あなたも共にこの場へ居合わせて、耳を傾けているかのように読んでくださったら、幸いである。

 緊急事態宣言の解除、かあ。少しは状況が良くなったと信じたいもんだな。

 だが、まだ病気が撲滅できたわけじゃない。引き続き、旅行とかの人が集まる場所へ行くことは、控えるよう呼びかけがされている。今年はさすがに、海とかには行けねえだろうな。


 この状態だと、人が集まることはあまり褒められたものじゃない。だが人がいることでありがたいことも、平時じゃたくさんある。

 誰かや何かを探す時なんかは、特にだ。人の目がないってことは、たとえ本当はその場にあったとしても、消えてしまっていることと同義。そのまま闇へ溶けちまうのも、珍しいことじゃない。

 もちろん逆もある。なまじ大勢が集まっていたおかげで、にわかには信じがたいものを見つけちまったりな。
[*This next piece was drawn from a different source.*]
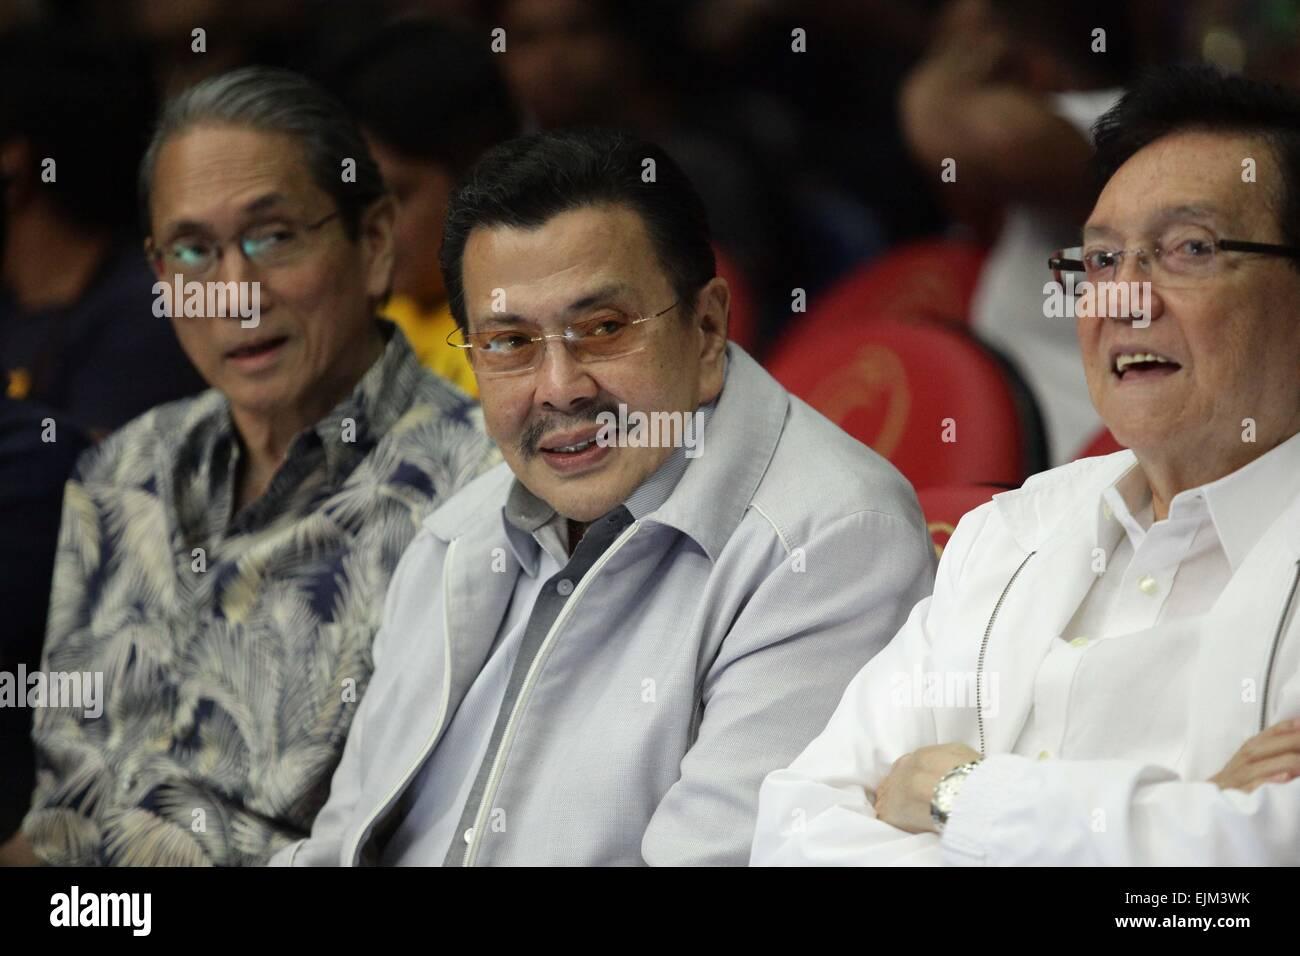 Manila, Filippine. 28 Mar, 2015. Manila Mayor Joseph Estrada (C) assiste il pugilato evento all'ARANETA COLISEUM Immagini Stock

 そのレアなものに出くわしちまったケースの昔話、少し聞いてみないか?



 むかしむかし。その漁村では春と秋に漁のお祭りを開いていたらしい。

 一艘の船に三人ずつが乗っかってな。岸から確認できる程度の沖で、一本釣りをする。そして釣れた魚の成果を競いあうという、シンプルなものだった。

 だが、この祭りの楽しみは魚を釣るばかりじゃない。まれに釣りあげられる、海の中を漂っていた魚ではなにか。それに出くわすことができるんじゃないかと、人々は期待をかけていた。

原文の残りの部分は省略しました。